# UFRN Constructions's Finances
On this NoteBook we will present our discoveries over constructions and investments all over UNIVERSIDADE FEDERAL DO RIO GRANDE DO NORTE ([UFRN](www.ufrn.br)).
All this made as a project for a subject on UFRN called `PROBABILIDADE`, where we choose some of several available open data about our university.

## Choosen Data
We decided to work over some financial values at UFRN, like how much money cost a specific work, how long it generally takes to finish a construction, the most expensive work, and so on. For that, we used the following 'csv' files:
- [obras.csv](http://dados.ufrn.br/dataset/a8b897f9-4659-44d4-842e-ac70ae21eb83/resource/067e7cad-934c-4134-a5d5-807915c074b4/download/obras.csv)
- [requisicaoobras.csv](http://dados.ufrn.br/dataset/15f55d0c-7ac8-4c1e-a73c-b0e37b9ef873/resource/0d923d18-1ffa-41d7-972f-33a12e9daf62/download/requisicaoobras.csv)

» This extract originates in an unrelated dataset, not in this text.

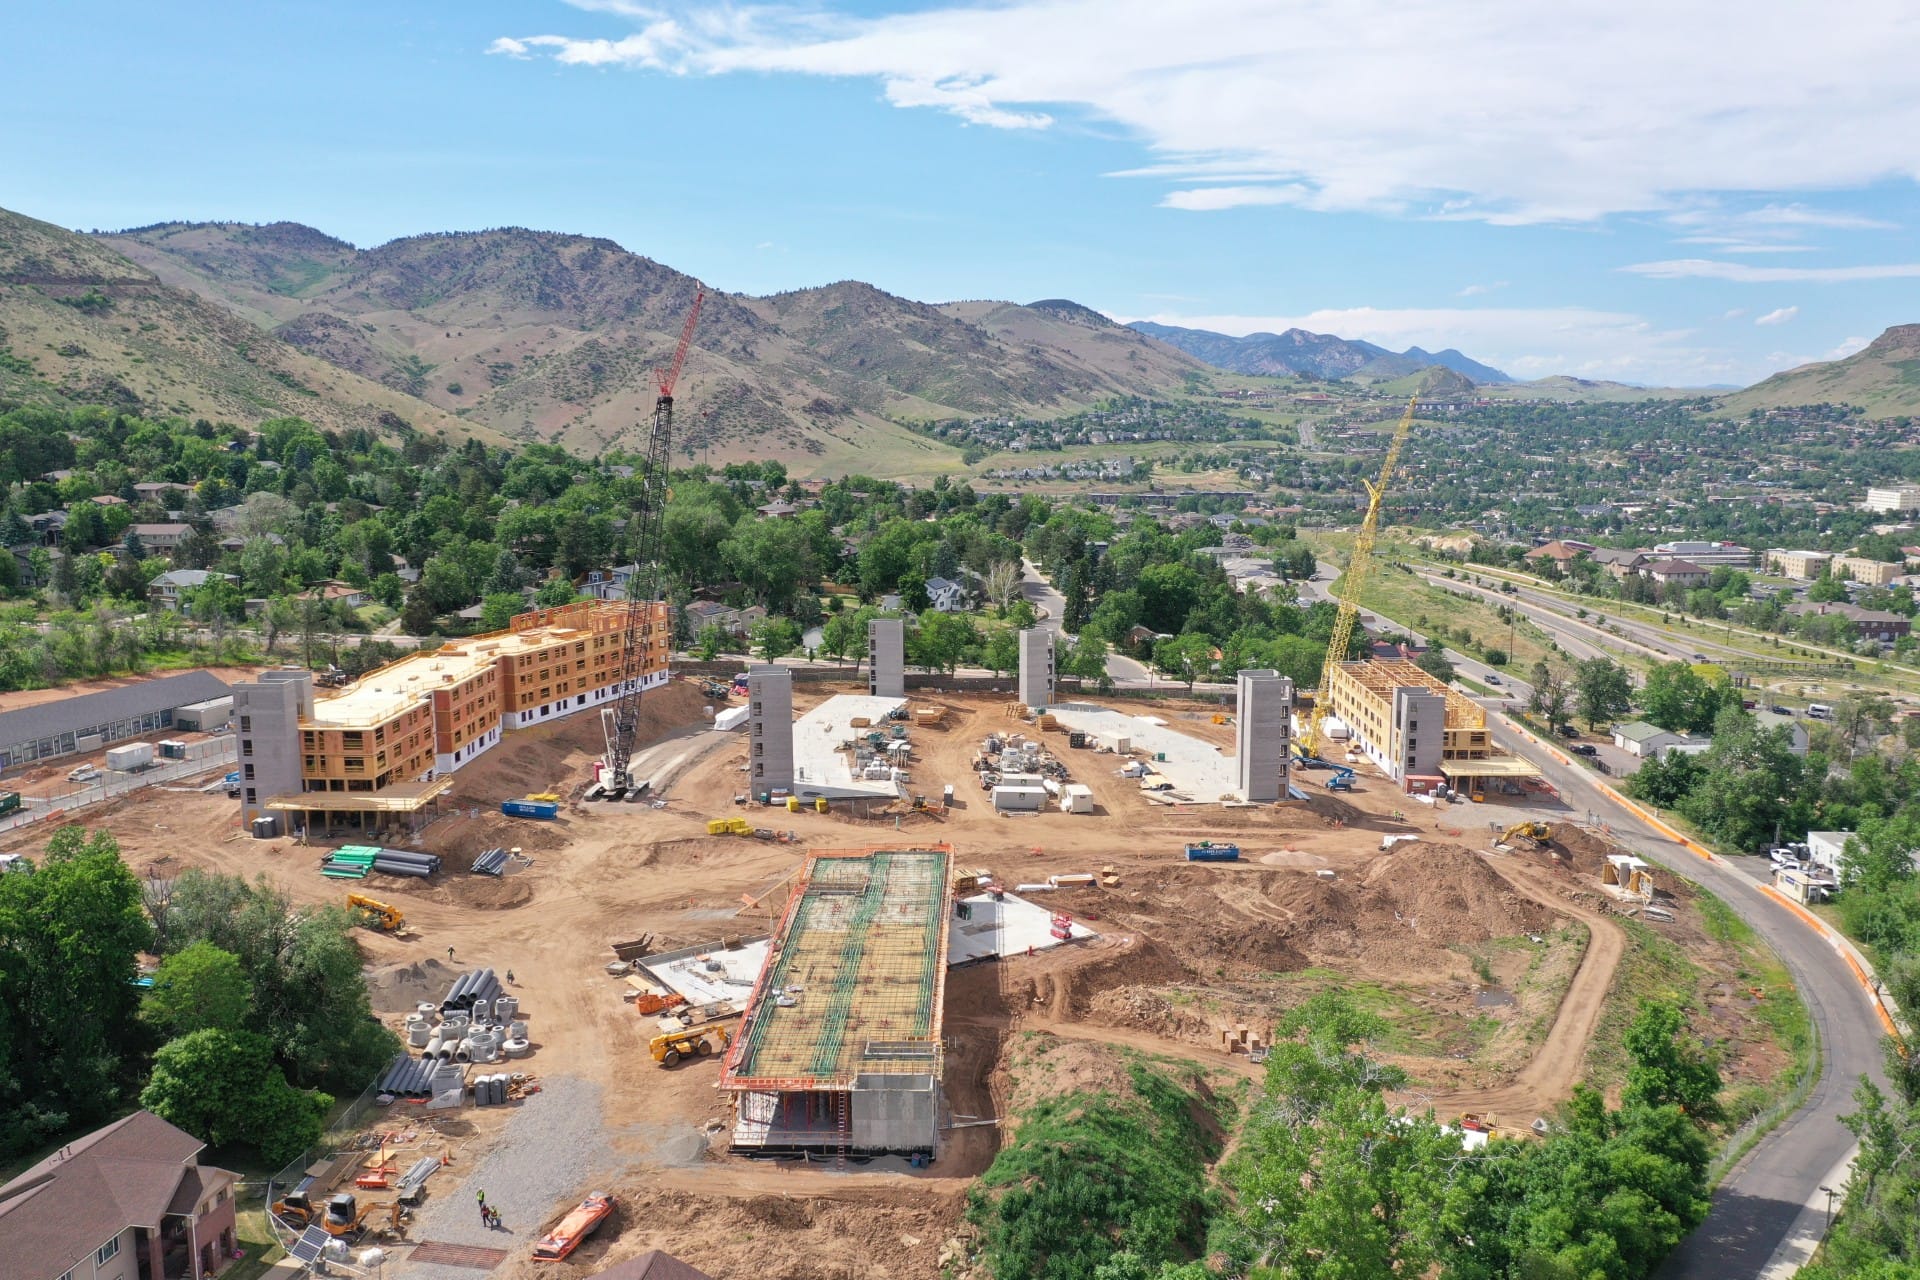 Construction underway in mines park, with several concrete elevation shaft and two cranes at buildings being framed

Importing some useful libs

In [None]:
import pandas as pd
import numpy as np
import matplotlib.pyplot as plt

Just reading and showing the dataframe we are about to work with.

In [None]:
works = pd.read_csv("res/obras.csv", sep=';')
work_requests = pd.read_csv("res/requisicaoobras.csv", sep=';', parse_dates=['data_envio'])

#### Works Data Frame

In [None]:
print(works.info())
works.head()

#### Work Requests Data Frame

In [None]:
print(work_requests.info())
work_requests.head()

## Obs.:
Unfortunately, the `data_envio` column, which is referent to when the request were submitted has null elements. Because of that, our inicial ideia of using this column as a `DateTimeIndex` has been destroyed.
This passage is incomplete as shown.